▸ **Records drawn from a dataset**
******************************
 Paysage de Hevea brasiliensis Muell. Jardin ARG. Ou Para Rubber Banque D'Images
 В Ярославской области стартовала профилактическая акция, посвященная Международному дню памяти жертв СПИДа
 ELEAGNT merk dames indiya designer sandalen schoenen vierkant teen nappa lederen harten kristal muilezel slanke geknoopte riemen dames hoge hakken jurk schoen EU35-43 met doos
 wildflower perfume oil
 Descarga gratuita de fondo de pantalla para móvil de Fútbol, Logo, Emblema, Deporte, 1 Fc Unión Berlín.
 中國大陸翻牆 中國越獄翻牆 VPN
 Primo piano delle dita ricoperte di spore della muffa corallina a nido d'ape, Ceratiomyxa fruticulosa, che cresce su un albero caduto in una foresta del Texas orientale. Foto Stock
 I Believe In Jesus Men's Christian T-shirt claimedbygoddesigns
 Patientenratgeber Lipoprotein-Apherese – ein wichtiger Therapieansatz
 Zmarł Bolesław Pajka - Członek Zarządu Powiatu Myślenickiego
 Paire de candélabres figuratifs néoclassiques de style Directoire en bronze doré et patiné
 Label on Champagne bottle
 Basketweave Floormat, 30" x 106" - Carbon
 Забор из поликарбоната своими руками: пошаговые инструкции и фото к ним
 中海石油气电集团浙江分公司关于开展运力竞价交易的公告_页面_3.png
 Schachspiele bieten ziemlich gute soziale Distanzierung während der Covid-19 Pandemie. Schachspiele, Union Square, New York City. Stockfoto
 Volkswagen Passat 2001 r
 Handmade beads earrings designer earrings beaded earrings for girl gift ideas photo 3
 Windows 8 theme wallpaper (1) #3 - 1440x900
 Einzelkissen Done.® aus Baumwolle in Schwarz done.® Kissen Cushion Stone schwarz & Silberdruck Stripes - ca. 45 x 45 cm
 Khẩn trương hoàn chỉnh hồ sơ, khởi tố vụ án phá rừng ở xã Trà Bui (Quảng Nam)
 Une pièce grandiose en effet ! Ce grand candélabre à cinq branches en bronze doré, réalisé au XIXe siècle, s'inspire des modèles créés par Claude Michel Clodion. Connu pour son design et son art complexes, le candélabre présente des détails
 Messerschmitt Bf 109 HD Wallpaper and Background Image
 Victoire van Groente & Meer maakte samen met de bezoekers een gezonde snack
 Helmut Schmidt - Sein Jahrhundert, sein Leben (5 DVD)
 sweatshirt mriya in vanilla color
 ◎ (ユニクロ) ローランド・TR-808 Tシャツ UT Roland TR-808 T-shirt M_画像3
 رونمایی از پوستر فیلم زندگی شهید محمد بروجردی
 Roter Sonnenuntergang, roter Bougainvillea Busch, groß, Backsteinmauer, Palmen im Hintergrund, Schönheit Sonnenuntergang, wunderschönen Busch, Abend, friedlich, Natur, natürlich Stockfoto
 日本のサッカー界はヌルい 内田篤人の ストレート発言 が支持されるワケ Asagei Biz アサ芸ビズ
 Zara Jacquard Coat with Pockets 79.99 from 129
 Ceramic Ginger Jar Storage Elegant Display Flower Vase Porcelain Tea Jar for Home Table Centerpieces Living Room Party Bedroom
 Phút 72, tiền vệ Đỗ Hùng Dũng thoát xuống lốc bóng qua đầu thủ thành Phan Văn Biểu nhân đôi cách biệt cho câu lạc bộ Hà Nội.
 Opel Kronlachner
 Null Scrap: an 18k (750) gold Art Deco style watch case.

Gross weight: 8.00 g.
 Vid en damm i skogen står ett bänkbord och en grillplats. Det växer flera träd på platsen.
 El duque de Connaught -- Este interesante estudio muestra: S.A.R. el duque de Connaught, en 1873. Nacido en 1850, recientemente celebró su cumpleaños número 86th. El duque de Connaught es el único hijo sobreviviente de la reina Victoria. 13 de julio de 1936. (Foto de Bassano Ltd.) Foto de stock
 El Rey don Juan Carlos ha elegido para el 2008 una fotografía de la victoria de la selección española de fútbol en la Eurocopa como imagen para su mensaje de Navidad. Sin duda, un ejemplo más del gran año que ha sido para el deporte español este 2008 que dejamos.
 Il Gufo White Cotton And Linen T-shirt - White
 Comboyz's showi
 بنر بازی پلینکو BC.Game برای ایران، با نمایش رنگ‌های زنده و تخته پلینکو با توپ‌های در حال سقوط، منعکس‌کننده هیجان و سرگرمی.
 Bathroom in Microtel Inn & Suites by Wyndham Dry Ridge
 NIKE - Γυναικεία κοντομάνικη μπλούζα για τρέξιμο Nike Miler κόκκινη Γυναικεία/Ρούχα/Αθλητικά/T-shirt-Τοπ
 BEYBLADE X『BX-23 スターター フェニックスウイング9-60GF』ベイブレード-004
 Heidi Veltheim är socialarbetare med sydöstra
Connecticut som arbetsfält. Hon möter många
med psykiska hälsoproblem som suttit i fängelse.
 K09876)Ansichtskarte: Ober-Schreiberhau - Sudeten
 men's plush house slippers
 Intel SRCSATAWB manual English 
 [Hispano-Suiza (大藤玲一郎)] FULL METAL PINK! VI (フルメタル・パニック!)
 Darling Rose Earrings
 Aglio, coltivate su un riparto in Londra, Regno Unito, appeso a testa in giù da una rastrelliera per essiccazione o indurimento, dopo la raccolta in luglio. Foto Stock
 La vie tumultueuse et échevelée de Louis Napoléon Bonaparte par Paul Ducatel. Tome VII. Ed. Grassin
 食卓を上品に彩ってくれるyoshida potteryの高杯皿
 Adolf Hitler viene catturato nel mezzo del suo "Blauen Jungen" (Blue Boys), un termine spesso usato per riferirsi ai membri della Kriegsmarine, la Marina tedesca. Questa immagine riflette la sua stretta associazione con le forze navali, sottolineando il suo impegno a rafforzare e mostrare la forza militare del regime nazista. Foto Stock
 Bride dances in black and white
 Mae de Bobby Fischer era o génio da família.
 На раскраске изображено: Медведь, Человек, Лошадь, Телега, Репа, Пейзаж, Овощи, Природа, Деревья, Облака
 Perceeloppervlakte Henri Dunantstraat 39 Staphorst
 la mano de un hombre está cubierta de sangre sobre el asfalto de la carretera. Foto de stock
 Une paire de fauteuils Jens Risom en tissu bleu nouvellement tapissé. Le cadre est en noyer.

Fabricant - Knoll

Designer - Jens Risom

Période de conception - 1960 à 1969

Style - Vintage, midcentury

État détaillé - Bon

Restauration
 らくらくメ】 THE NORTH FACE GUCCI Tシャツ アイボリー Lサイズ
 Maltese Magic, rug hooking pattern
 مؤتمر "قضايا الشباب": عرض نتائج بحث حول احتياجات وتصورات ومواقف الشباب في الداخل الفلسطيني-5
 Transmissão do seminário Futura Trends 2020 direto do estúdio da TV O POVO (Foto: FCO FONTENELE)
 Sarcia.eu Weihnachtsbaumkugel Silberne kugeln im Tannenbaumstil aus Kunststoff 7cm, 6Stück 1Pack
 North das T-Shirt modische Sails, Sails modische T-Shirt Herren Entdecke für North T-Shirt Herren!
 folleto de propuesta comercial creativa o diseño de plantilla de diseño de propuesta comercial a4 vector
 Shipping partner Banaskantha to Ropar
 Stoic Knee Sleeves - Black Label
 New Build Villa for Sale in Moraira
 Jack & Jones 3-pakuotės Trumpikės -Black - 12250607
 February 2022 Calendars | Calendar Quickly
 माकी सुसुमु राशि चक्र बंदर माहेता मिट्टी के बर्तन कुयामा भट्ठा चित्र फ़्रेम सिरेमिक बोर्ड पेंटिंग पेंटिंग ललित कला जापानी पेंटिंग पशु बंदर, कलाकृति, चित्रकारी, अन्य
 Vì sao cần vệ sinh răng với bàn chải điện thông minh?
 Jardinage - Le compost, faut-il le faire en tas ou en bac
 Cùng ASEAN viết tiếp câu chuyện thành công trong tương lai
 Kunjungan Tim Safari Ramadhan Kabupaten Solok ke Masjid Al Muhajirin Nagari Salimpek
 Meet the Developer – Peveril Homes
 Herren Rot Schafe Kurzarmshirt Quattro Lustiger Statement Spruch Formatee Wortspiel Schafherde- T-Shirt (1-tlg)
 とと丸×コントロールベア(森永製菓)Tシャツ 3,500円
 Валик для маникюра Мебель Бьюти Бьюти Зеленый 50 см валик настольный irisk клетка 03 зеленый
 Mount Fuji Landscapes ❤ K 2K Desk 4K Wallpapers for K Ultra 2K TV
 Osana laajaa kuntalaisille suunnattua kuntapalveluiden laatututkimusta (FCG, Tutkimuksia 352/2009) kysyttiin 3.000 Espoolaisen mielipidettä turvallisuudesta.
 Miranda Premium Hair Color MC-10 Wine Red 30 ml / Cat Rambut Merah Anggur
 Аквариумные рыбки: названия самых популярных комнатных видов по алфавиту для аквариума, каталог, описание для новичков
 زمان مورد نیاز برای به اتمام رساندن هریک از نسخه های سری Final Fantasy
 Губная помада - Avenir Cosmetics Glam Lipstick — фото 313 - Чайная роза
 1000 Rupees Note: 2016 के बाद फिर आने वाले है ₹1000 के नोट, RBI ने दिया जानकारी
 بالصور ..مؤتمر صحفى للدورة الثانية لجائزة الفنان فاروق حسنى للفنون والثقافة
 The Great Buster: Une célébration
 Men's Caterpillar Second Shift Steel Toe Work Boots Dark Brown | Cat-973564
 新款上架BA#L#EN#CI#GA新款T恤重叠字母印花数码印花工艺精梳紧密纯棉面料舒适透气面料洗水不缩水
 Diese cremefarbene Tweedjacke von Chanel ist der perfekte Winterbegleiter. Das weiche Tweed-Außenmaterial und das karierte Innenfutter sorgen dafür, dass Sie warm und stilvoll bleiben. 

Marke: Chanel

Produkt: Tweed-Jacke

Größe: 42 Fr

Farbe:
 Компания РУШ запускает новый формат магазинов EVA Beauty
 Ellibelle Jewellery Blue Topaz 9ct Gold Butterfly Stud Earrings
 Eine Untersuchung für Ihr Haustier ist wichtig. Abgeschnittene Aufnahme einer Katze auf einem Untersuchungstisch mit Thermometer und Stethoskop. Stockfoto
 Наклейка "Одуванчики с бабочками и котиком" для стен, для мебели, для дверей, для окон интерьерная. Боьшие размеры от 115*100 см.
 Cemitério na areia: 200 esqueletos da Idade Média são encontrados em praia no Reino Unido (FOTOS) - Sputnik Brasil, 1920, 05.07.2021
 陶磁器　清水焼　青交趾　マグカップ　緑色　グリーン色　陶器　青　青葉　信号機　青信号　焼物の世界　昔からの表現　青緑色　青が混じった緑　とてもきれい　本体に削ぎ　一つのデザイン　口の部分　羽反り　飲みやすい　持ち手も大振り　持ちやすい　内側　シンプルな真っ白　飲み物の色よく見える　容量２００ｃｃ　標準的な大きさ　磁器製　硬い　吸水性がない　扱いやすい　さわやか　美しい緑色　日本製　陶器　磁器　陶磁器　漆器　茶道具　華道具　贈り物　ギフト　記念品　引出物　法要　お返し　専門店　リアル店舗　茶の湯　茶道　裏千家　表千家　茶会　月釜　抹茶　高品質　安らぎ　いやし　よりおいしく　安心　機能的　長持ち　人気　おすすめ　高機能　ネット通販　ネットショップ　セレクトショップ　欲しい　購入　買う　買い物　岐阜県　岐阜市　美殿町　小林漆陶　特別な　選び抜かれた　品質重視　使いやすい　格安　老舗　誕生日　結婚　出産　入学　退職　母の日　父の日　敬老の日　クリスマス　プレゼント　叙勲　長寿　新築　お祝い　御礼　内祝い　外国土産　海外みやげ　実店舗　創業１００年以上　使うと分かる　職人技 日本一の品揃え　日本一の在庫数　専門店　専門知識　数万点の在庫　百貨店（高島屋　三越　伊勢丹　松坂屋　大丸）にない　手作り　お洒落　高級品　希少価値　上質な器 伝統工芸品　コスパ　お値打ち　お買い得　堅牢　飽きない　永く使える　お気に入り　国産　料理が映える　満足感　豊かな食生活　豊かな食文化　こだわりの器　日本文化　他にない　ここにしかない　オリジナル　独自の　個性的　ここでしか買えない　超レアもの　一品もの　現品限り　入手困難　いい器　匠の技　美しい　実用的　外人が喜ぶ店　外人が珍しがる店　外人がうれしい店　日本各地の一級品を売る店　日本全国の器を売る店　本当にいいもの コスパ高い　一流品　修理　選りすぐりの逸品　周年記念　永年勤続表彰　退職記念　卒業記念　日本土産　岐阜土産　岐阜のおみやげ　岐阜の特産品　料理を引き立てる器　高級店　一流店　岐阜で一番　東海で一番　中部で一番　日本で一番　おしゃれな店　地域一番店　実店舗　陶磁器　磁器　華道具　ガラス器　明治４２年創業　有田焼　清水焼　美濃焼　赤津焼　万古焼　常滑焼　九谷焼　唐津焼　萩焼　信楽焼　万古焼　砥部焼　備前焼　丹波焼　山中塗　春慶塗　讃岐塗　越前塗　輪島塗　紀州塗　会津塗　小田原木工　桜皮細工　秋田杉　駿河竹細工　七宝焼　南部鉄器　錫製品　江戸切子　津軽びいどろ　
******************************
▸ **Directions for this task**
Leave out every line above except those from the line with "El Rey don Juan" up to and including the line with "食卓を上品に彩ってくれるyoshida potteryの高杯皿", and copy those exactly.

▸ **Task solution**
 El Rey don Juan Carlos ha elegido para el 2008 una fotografía de la victoria de la selección española de fútbol en la Eurocopa como imagen para su mensaje de Navidad. Sin duda, un ejemplo más del gran año que ha sido para el deporte español este 2008 que dejamos.
 Il Gufo White Cotton And Linen T-shirt - White
 Comboyz's showi
 بنر بازی پلینکو BC.Game برای ایران، با نمایش رنگ‌های زنده و تخته پلینکو با توپ‌های در حال سقوط، منعکس‌کننده هیجان و سرگرمی.
 Bathroom in Microtel Inn & Suites by Wyndham Dry Ridge
 NIKE - Γυναικεία κοντομάνικη μπλούζα για τρέξιμο Nike Miler κόκκινη Γυναικεία/Ρούχα/Αθλητικά/T-shirt-Τοπ
 BEYBLADE X『BX-23 スターター フェニックスウイング9-60GF』ベイブレード-004
 Heidi Veltheim är socialarbetare med sydöstra
Connecticut som arbetsfält. Hon möter många
med psykiska hälsoproblem som suttit i fängelse.
 K09876)Ansichtskarte: Ober-Schreiberhau - Sudeten
 men's plush house slippers
 Intel SRCSATAWB manual English 
 [Hispano-Suiza (大藤玲一郎)] FULL METAL PINK! VI (フルメタル・パニック!)
 Darling Rose Earrings
 Aglio, coltivate su un riparto in Londra, Regno Unito, appeso a testa in giù da una rastrelliera per essiccazione o indurimento, dopo la raccolta in luglio. Foto Stock
 La vie tumultueuse et échevelée de Louis Napoléon Bonaparte par Paul Ducatel. Tome VII. Ed. Grassin
 食卓を上品に彩ってくれるyoshida potteryの高杯皿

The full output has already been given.